Lack of Capacity to make a Will as a result of severe bereavement
Case of Key v Key [2010] EWHC 408 (CH)
Mr Key died in July 2008. He was 90 years old. He has four children, two sons and two daughters.
He had made a Will in 2001 leaving everything to his wife for her lifetime and then on to his two sons who had worked on the farm all their lives whilst his two daughters had moved away.

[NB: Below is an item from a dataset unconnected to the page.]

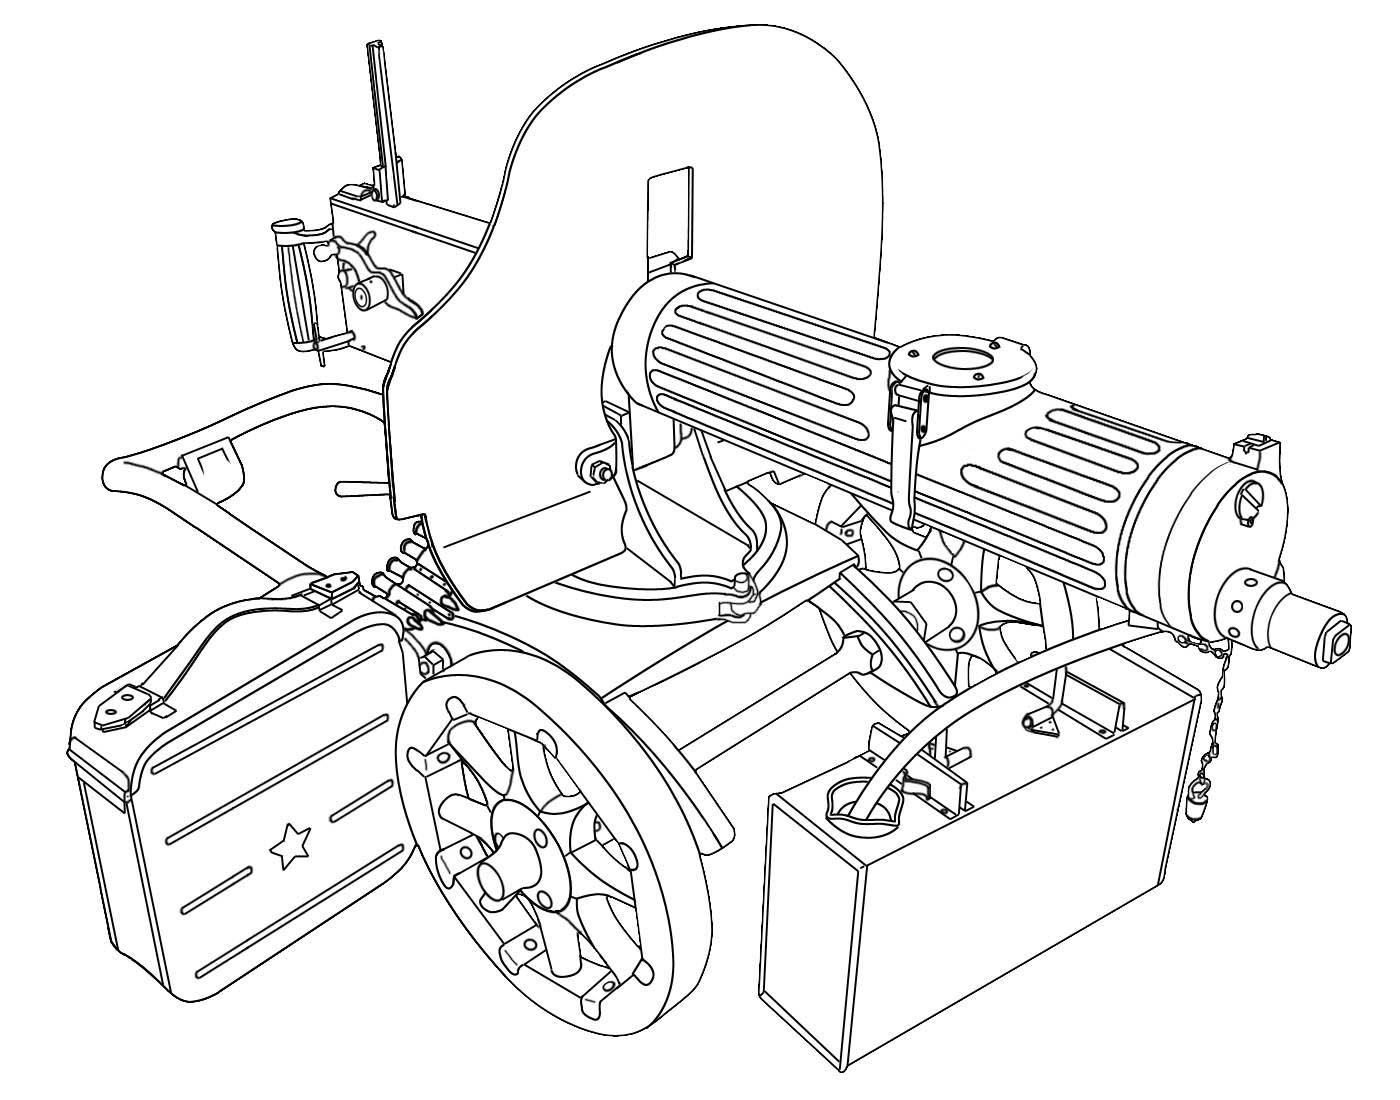 Maxim Gun Blueprint

In 2006 the farming business was dissolved and split between the two sons, with Mr Key keeping the farmhouse and a small part of the land.
Only a week after Mrs Key died, the daughters came home. They found Mr Keys Will, which left nothing to them. They immediately arranged for his solicitor to take instructions for a new Will which left the bulk of the estate to them with a small residue left equally between the four children. This was on the basis of fairness, even though Mr Key’s previous 4 Wills had left little to his daughters and the bulk of his estate to his sons.
The sons successfully claimed the Will was invalid on the grounds of lack of testamentary capacity which was caused by the severe bereavement Mr Key had experienced when his wife, after 65 years of marriage passed away.
It was said that such a severe bereavement could bring about almost identical symptoms of sever depression leading a person to simply agree to what others are suggesting.
The estate was distributed according to a previous Will.